▶ [Description of the task]
Output the data below exactly, images excluded.

------ Data

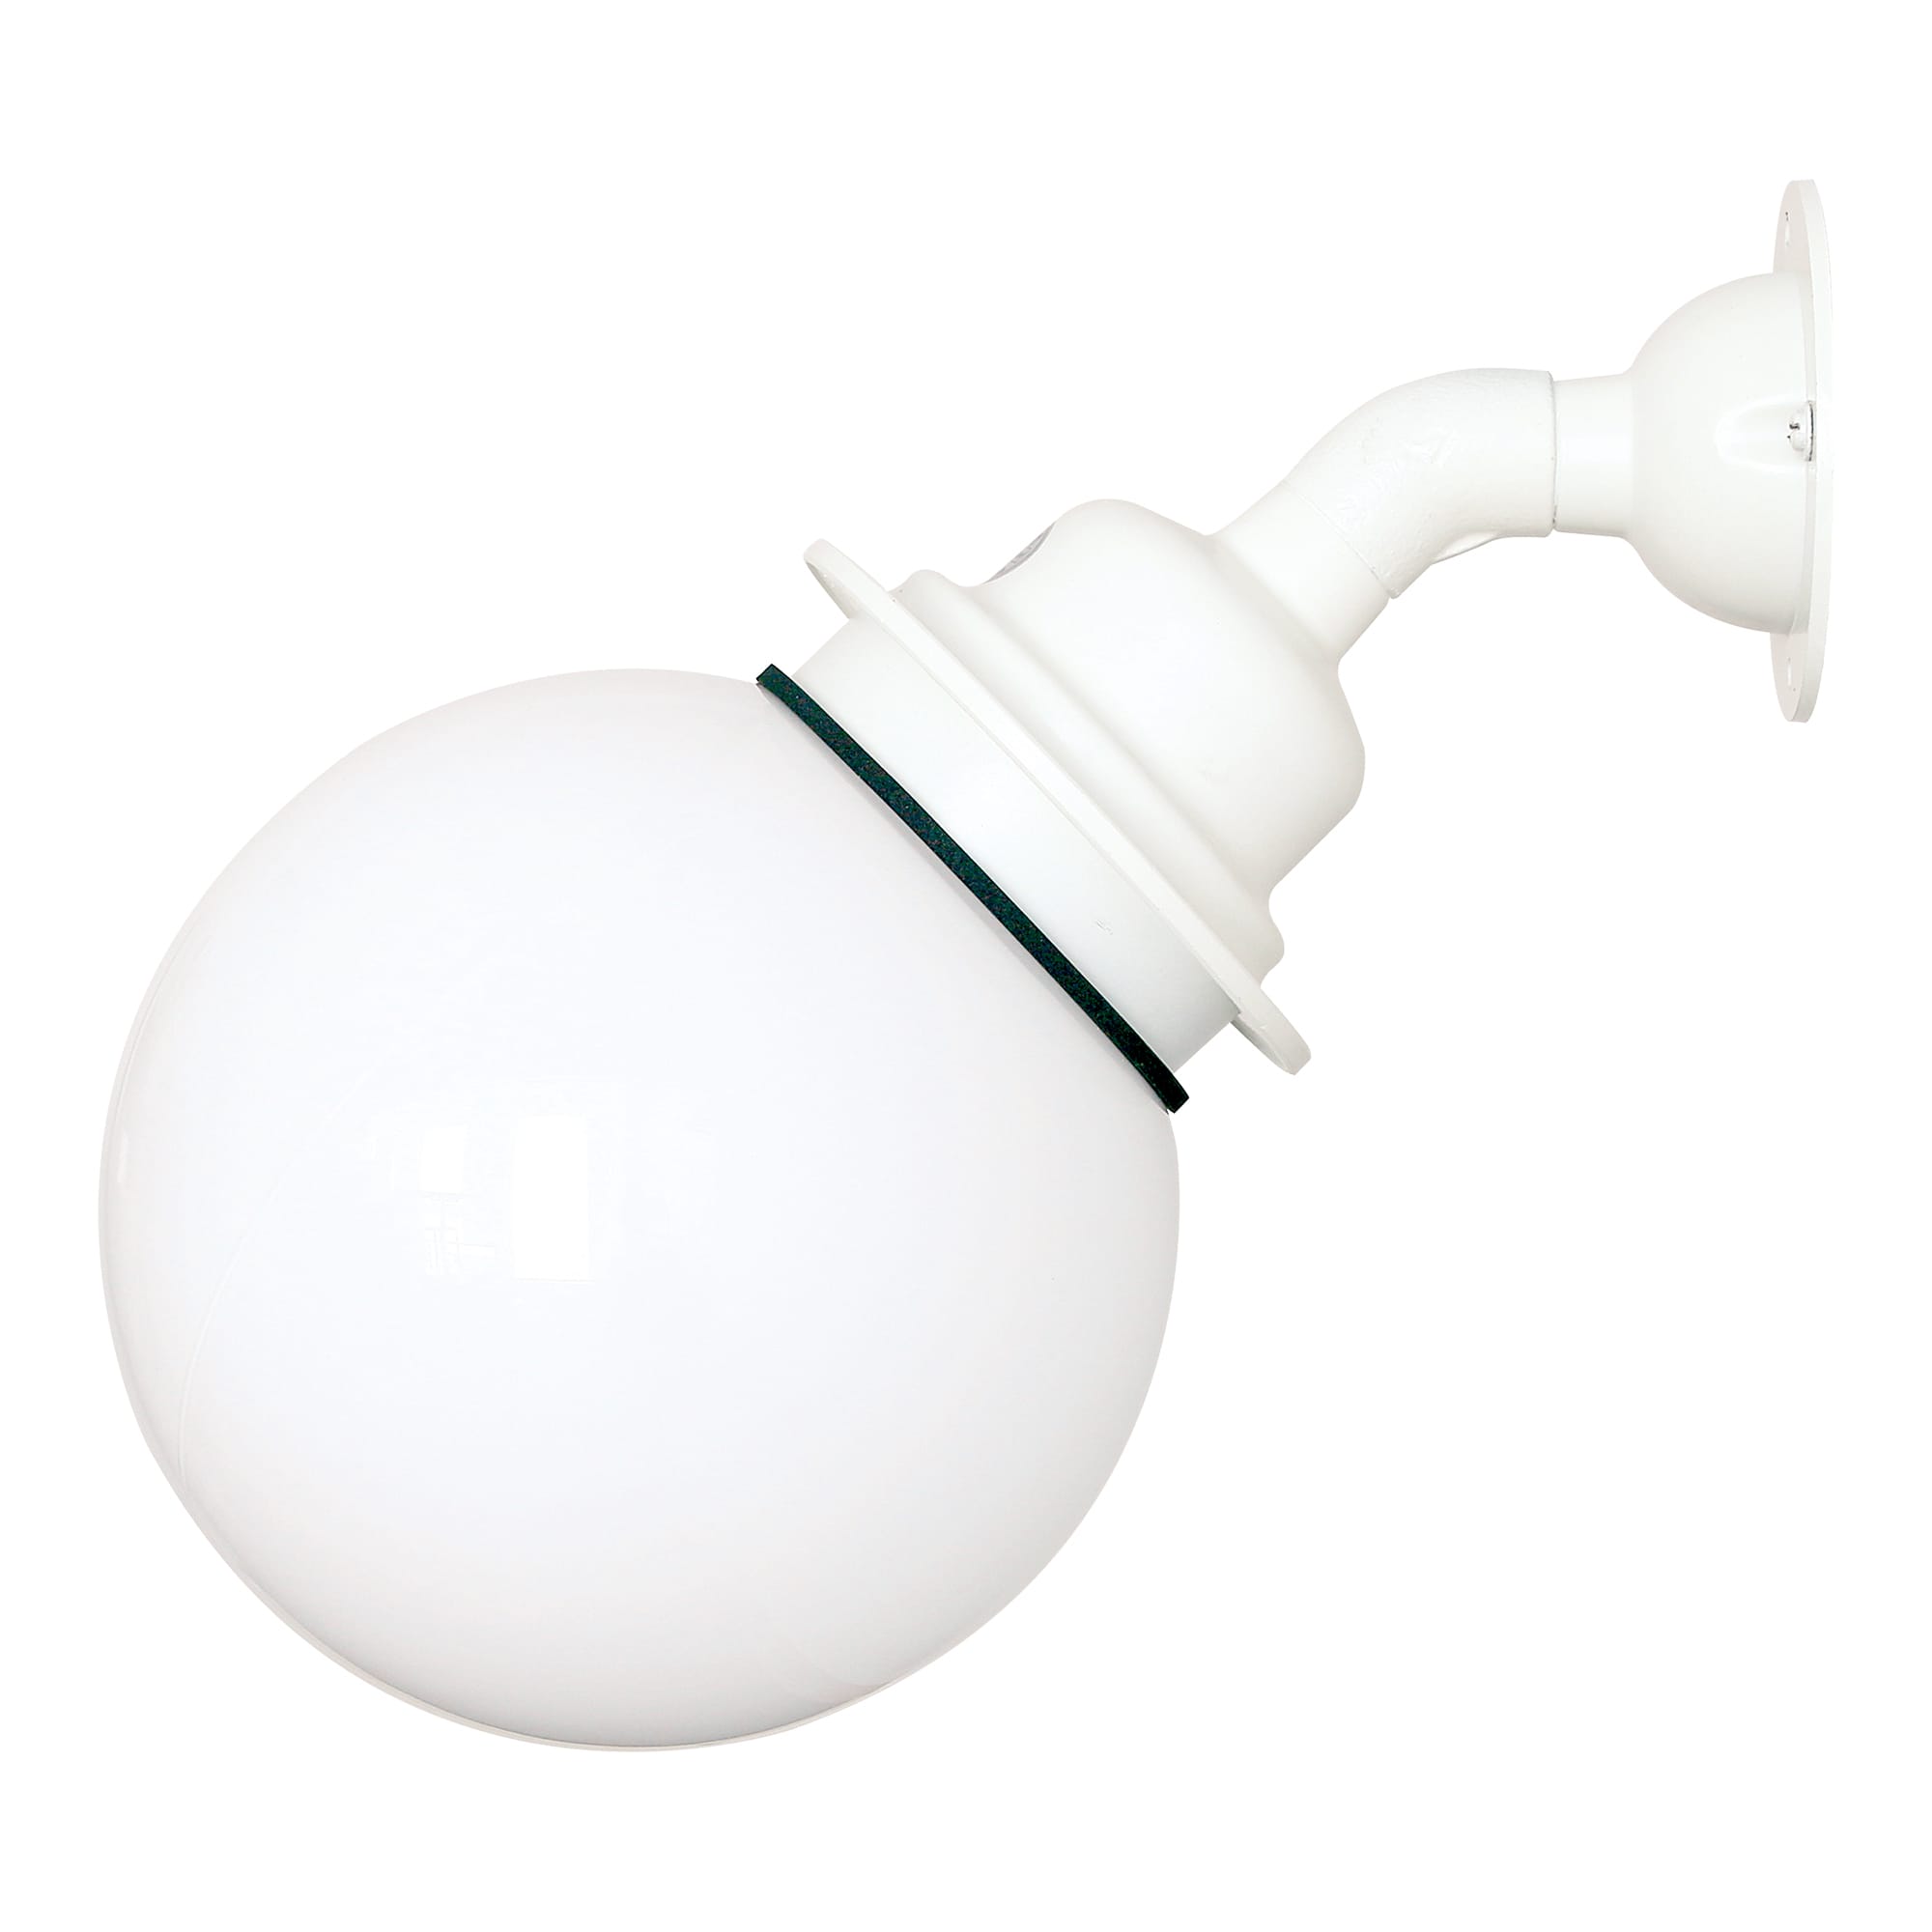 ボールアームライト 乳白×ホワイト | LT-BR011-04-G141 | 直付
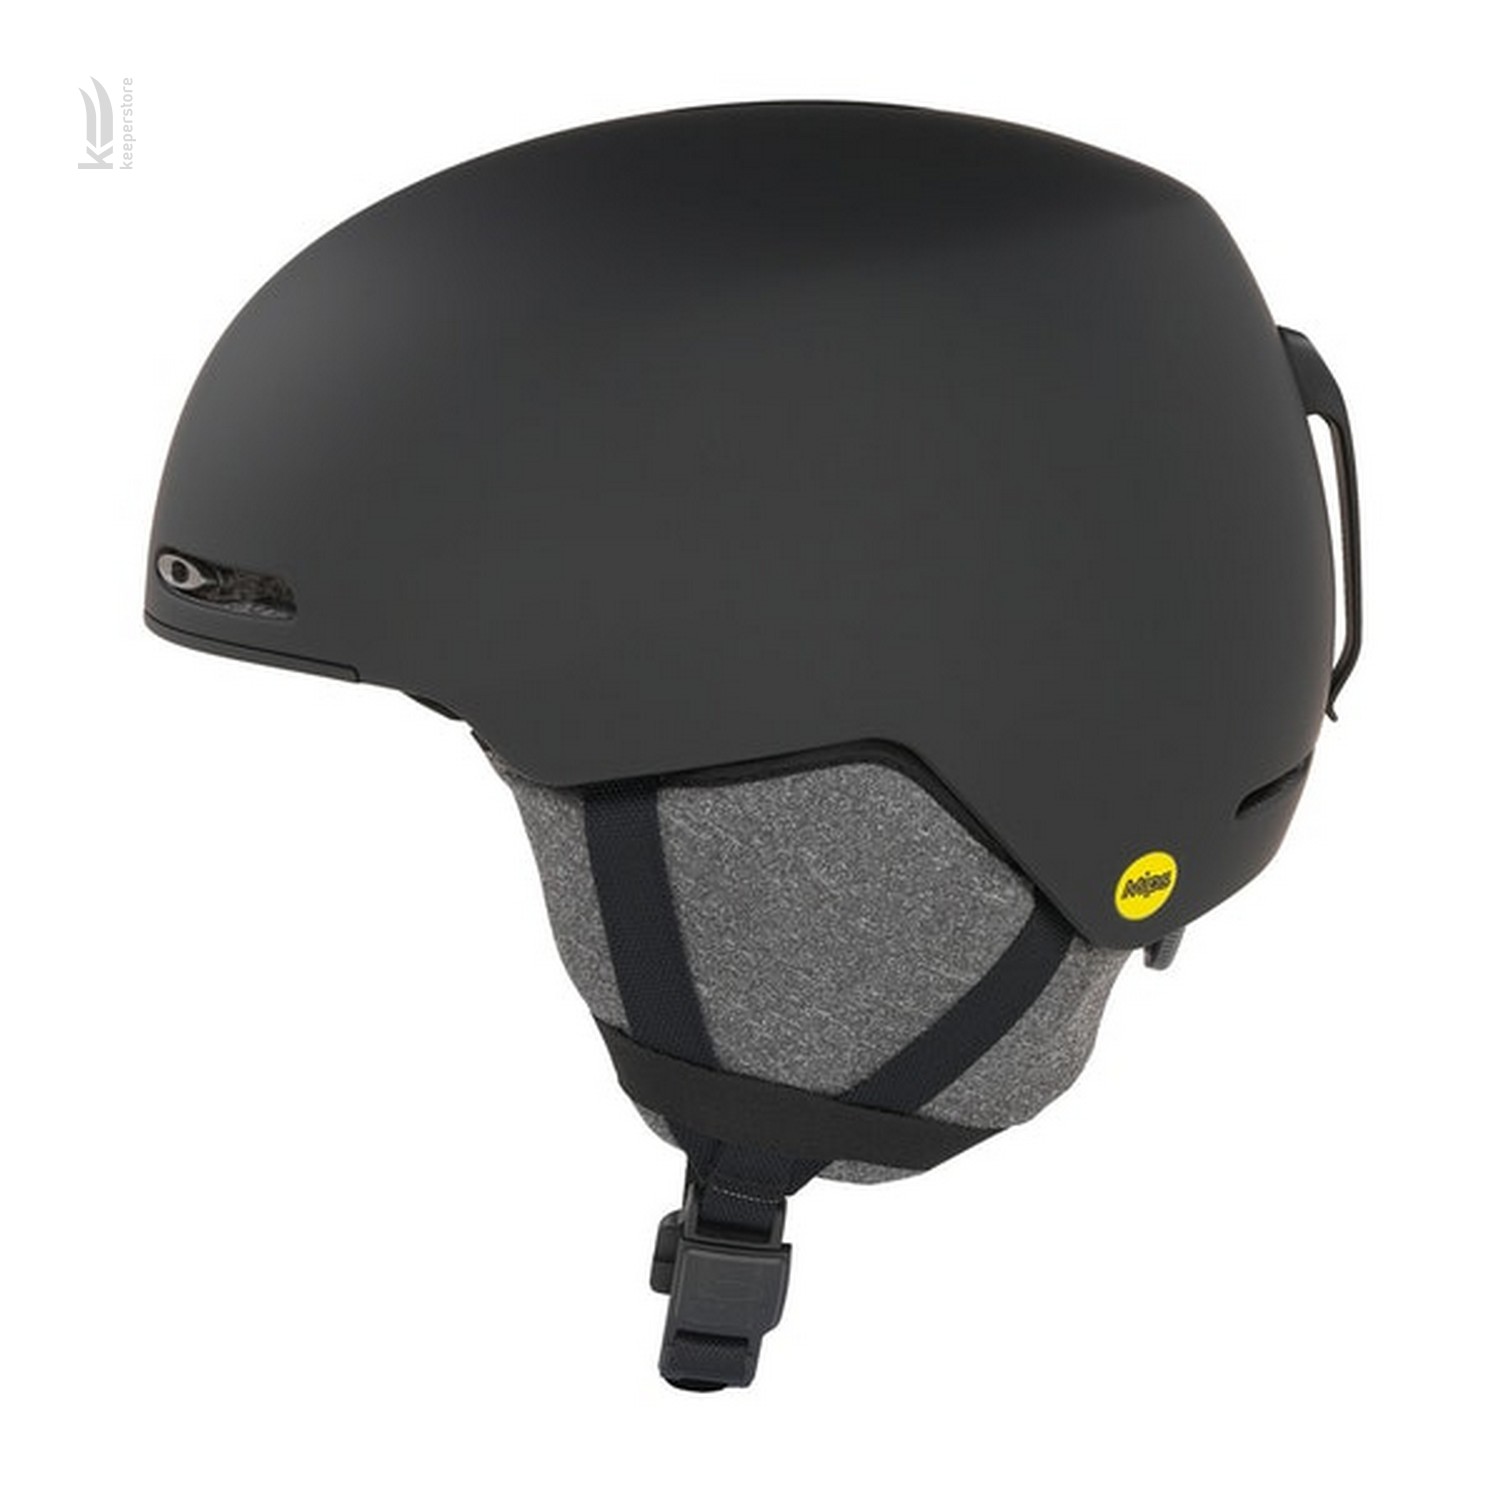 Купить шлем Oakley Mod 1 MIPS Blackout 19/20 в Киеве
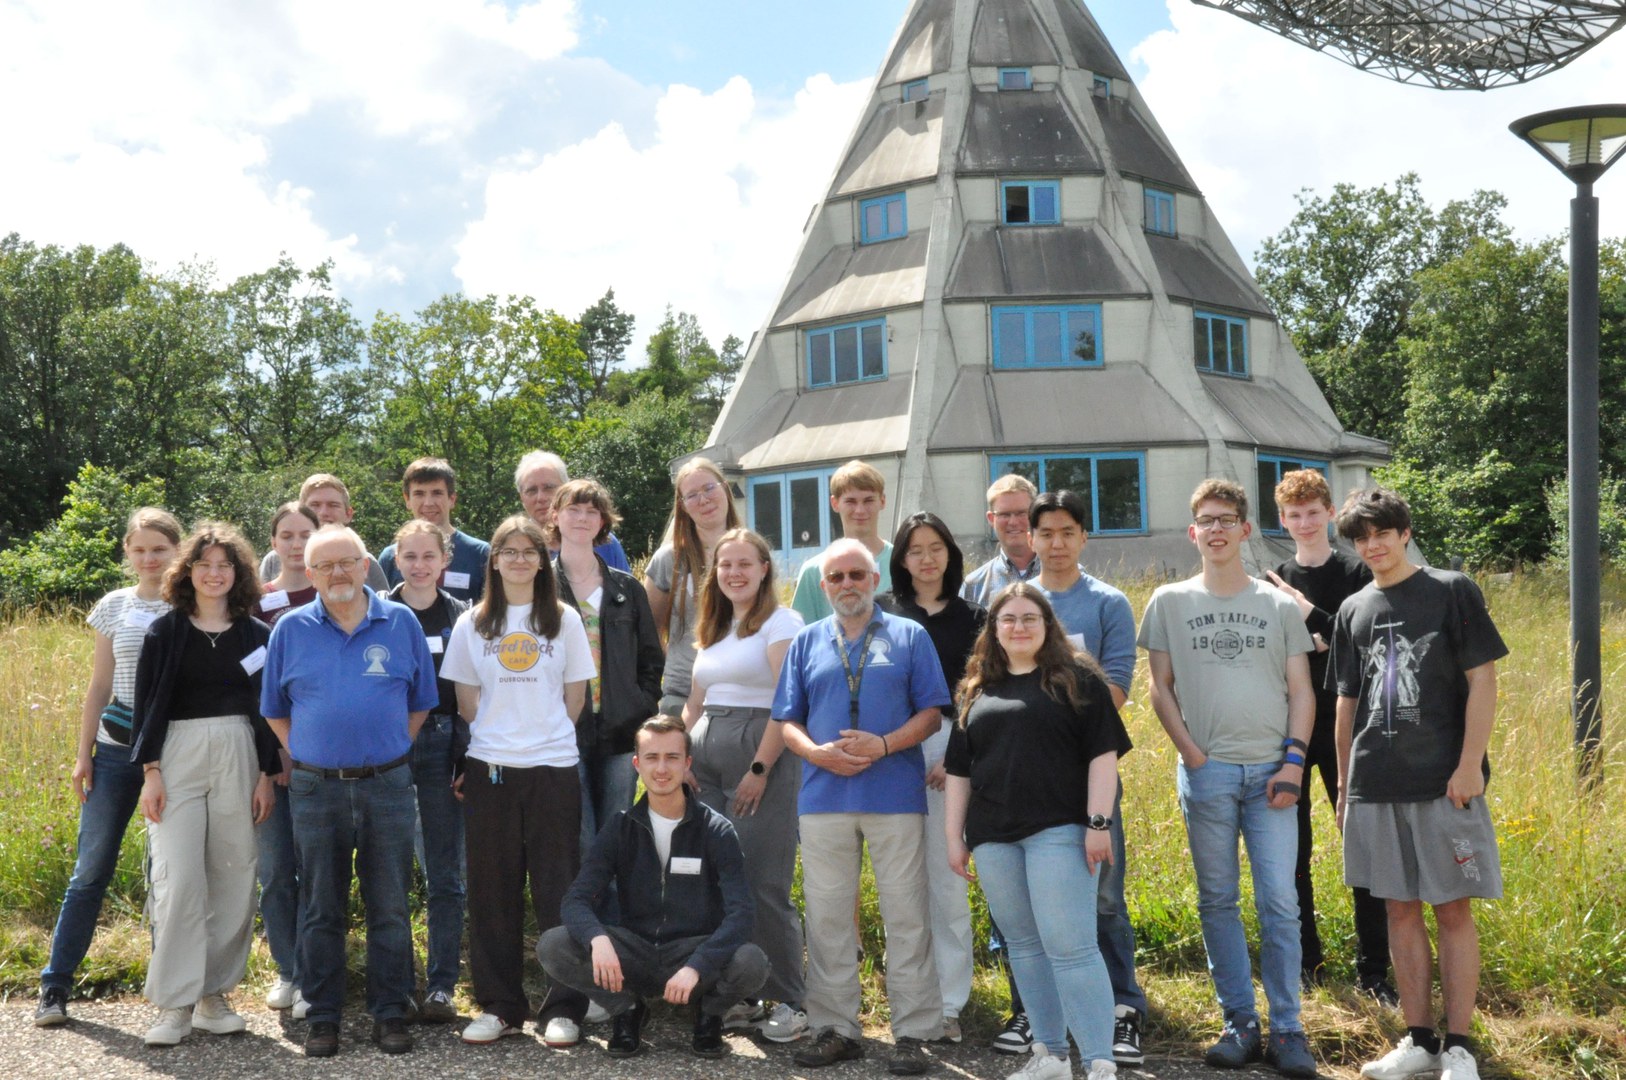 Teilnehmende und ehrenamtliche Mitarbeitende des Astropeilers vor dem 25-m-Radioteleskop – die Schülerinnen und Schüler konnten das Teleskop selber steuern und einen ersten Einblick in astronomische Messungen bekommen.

------------

▶ [Expected output]
 ボールアームライト 乳白×ホワイト | LT-BR011-04-G141 | 直付
 Купить шлем Oakley Mod 1 MIPS Blackout 19/20 в Киеве
 Teilnehmende und ehrenamtliche Mitarbeitende des Astropeilers vor dem 25-m-Radioteleskop – die Schülerinnen und Schüler konnten das Teleskop selber steuern und einen ersten Einblick in astronomische Messungen bekommen.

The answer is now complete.